Identification, assessment and provision in the primary phase is set out in
Chapter 5 of the SEN Code of Practice (2001).

1a) The role of the Head teacher in mainstream primary schools

The head teacher has responsibility for the day-to-day management of all
aspects of the school’s work, including provision for children with special
educational needs (SEN). The head teacher should keep the governing body
fully informed and also work closely the school’s SEN co-ordinator (SENCO)
or SEN team.

The SEN Code of Practice, 2001, states it is good practice for head teachers
to ensure that:
 SENCOs have sufficient time and professional support to carry out their
    duties
 special needs is the responsibility of one member of staff.

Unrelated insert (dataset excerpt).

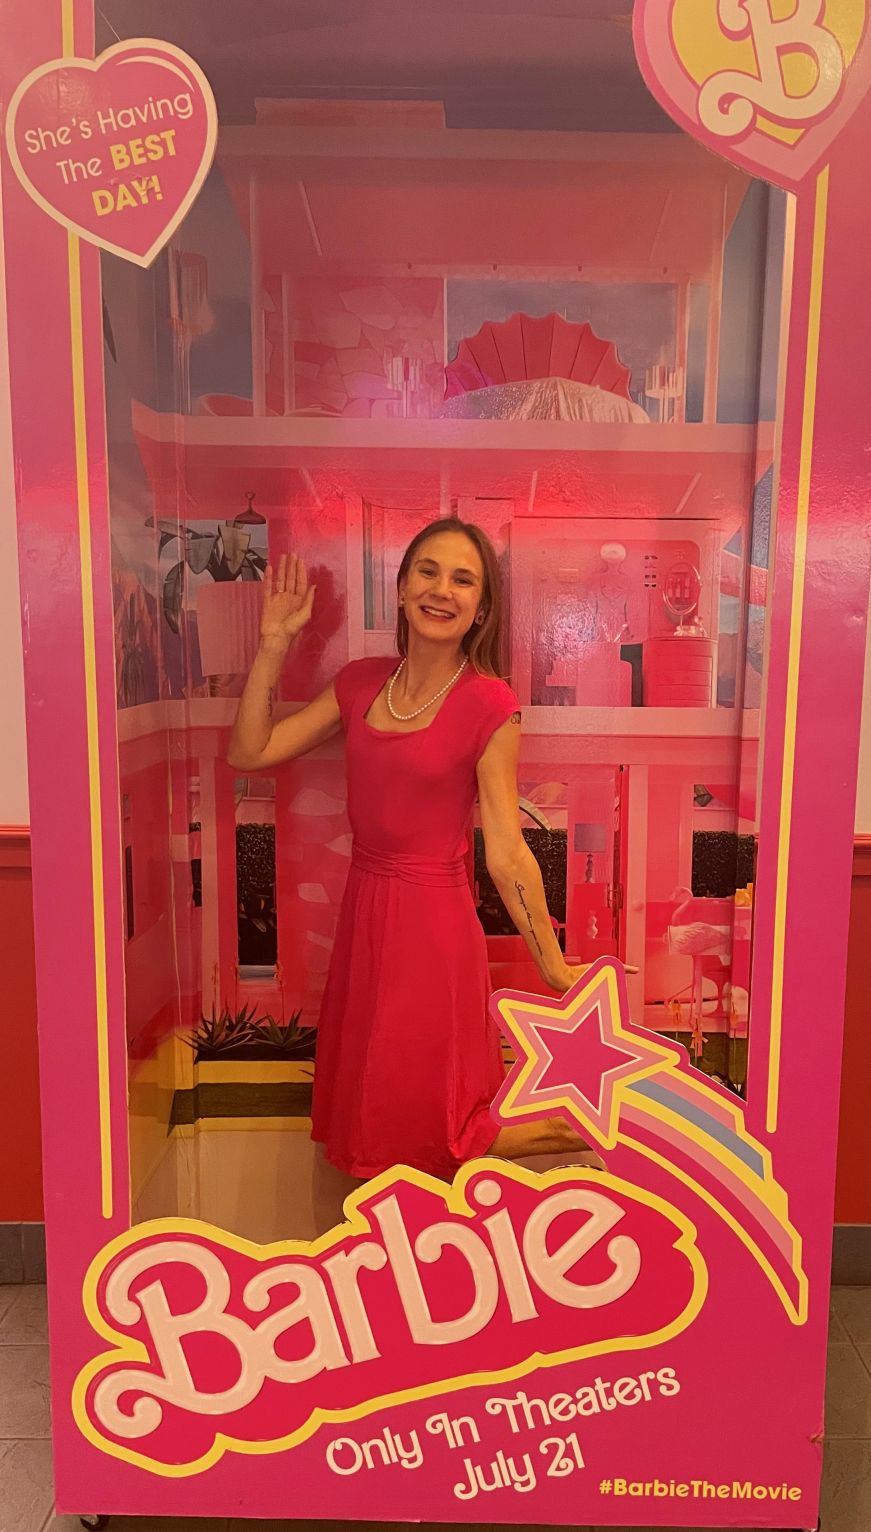 Stacy wearing a pink dress and posing in a life-size Barbie box

Many schools
    find it effective for the SENCO to be a member of the senior leadership
    team who will have a duty to provide advice to the head teacher on special
    needs issues- nationally, at Local Authority level and internally
 the SENCO’s costs are set against the core or base budget of the school
    rather than against additional funds delegated to the school for the
    purpose of meeting the particular needs of individual children with SEN
 the SENCO is supported by the use of information technology (ICT) for
    SEN management systems and administrative support for preparing and
    recording individual education plans (IEPs), and that the SENCO is able to
    communicate with other SENCOs via the SENCO Clusters
 the management structures within a school enable the SENCO’s functions
    to be carried out effectively

The head teacher should regularly review and monitor the management of
Special Educational Needs policy and procedures within the school, including
the work of the SENCO.

2a) The role of the Governing Body

The governing body, in co-operation with the head teacher, should:
 determine the school’s general policy and approach to provision for
   children with SEN
 establish the appropriate staffing and funding arrangements
 maintain a general oversight of the school’s work

The governing body need no longer report to parents annually on the school’s
policy for SEN but will include a statement within the prospectus and the
School’s Profile report.

The governing body should appoint a committee or designated governor to
take particular interest in, and closely monitor, the school’s work on behalf of
the children with SEN.

Ref:            SM1/5.1                 1
First issue:    April 2002
Essex County Council                                           SENCO Manual 2007


The SEN governor should:
 be familiar with school procedures
 meet regularly with the SENCO to discuss the ways in which such
   procedures are managed and their impact upon the school and individual
   pupils
 endeavour to take the opportunity to receive any training in the area of
   SEN that may be offered
 familiarise themselves with relevant national and local procedures relating
   to SEN

3a) The role of the SENCO in mainstream primary schools

The SENCO, in collaboration with the head teacher and governing body,
helps to determine the strategic development of the SEN policy and provision
in the school.

The SENCO takes day-to-day responsibility for the operation of the SEN
policy and co-ordination of the provision made for individual pupils with SEN,
working closely with staff, parents and carers, and other agencies.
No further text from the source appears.